Хмель бушует в кабаке, горячит, разжигает разум, жмет пудовые кулаки, рвется в криках из-под густых бород, все выкладывается начистоту. Вот только силы нету.

Государев истец Федька Можаев сидит тут же, в сторонке, пришипился над ковшом, еле его видно. Толстый нос над красными губами свис морковкой, серые глазки мышатами шнырят исподлобья, уши вертятся, ловят крики.

Федька Можаев боится. В Земской избе, как его посылали, велели накрепко проведать, где корень разговоров, что как колокол гудят по Москве.

А дьяк Гусенков, понюхав табачку и отряхивая его с однорядки, сказал:

— А не проведаешь — ано быть тебе у царя Константина да у матери Елены.

Известно — в Константино-Еленинской башне Кремля пытка, и помнит об этом Федюшка, забыть то не может, а понять, откуда идет смута, тоже не может.

«Беда, и только.

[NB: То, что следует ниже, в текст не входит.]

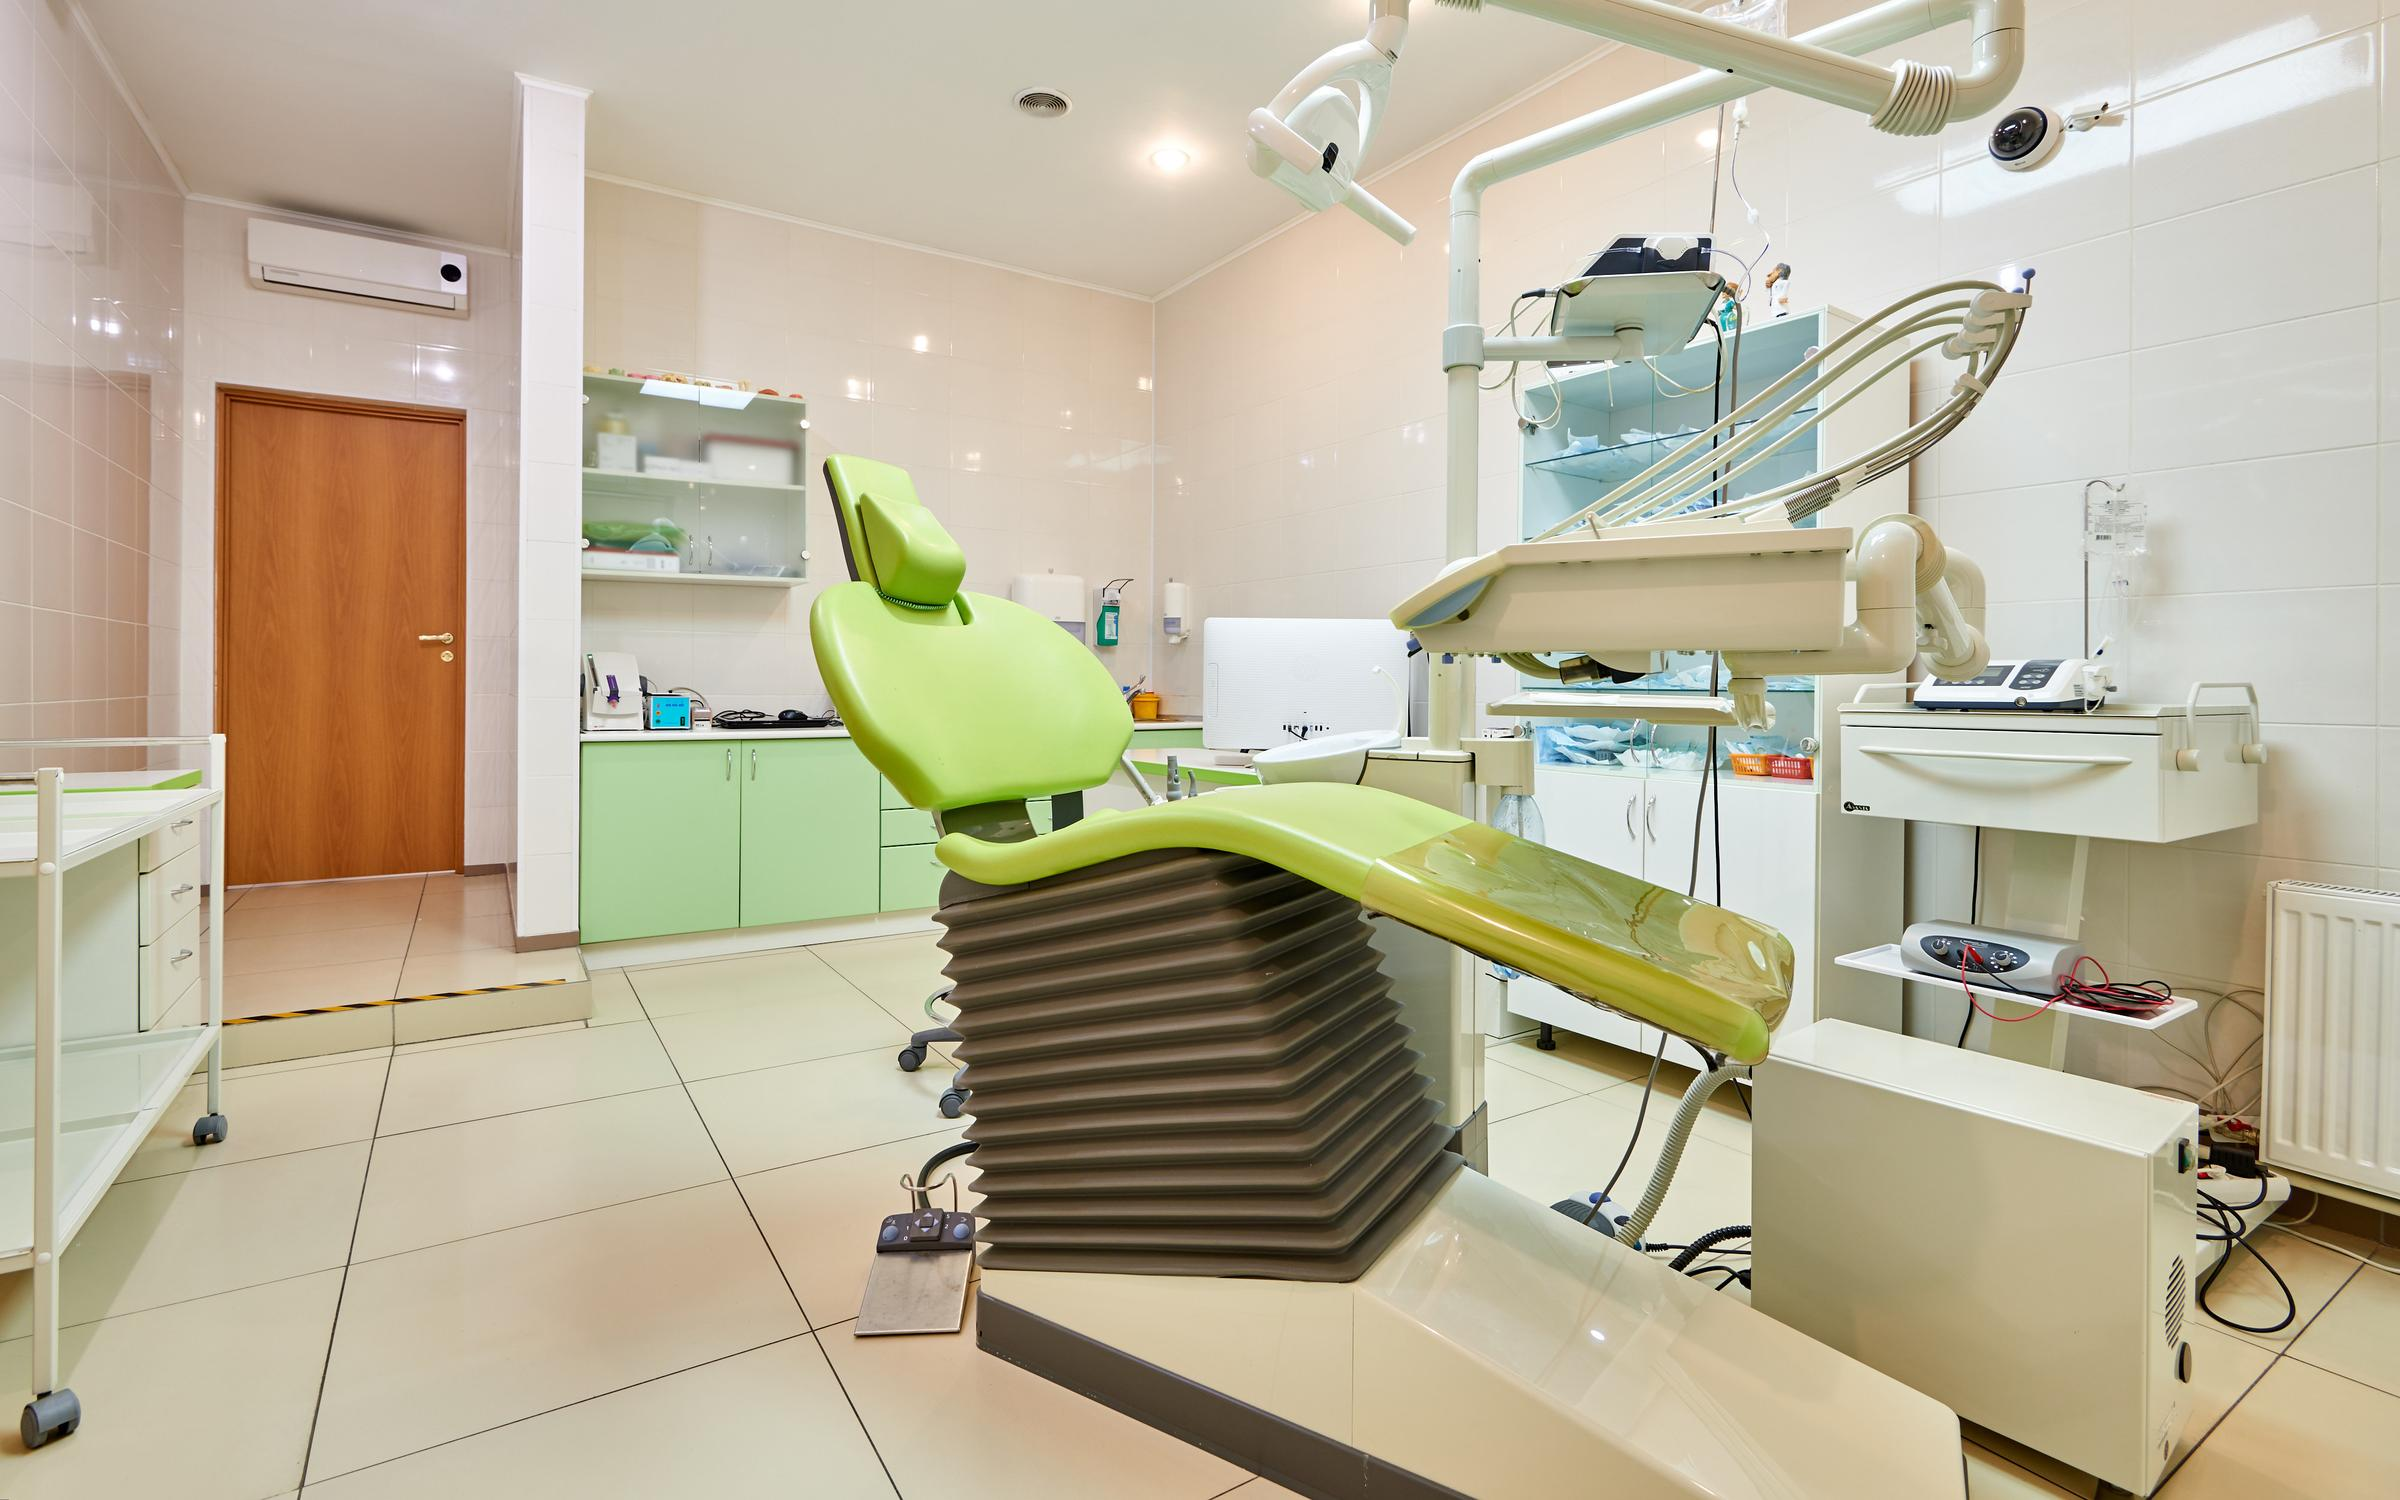 фотография Центра имплантации и стоматологии ИНТАН на проспекте Луначарского
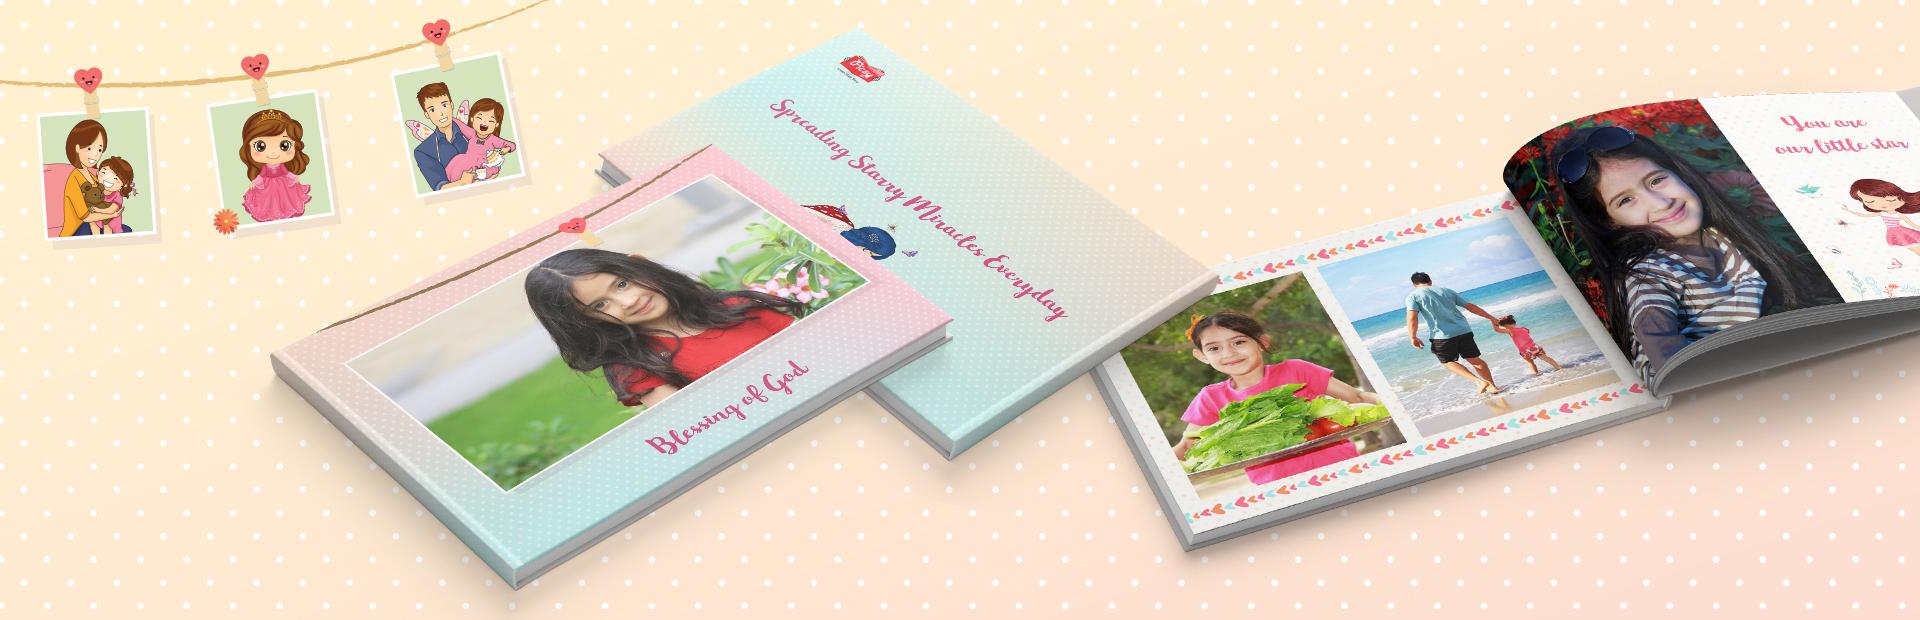 Daughters Delight Custom Photo Books

Пойду дальше!» — думает Федюшка.

Встал, перекрестился, заплатил копейку за ковш, вышел из кабака — голова кружится, а ему вслед, слышно, хохочут: знают, черти, кто ушел! А солнце уж над Серпуховскими воротами, скоро вечер, а он ничего не вызнал! Ой, беда! Как в приказ ворочаться?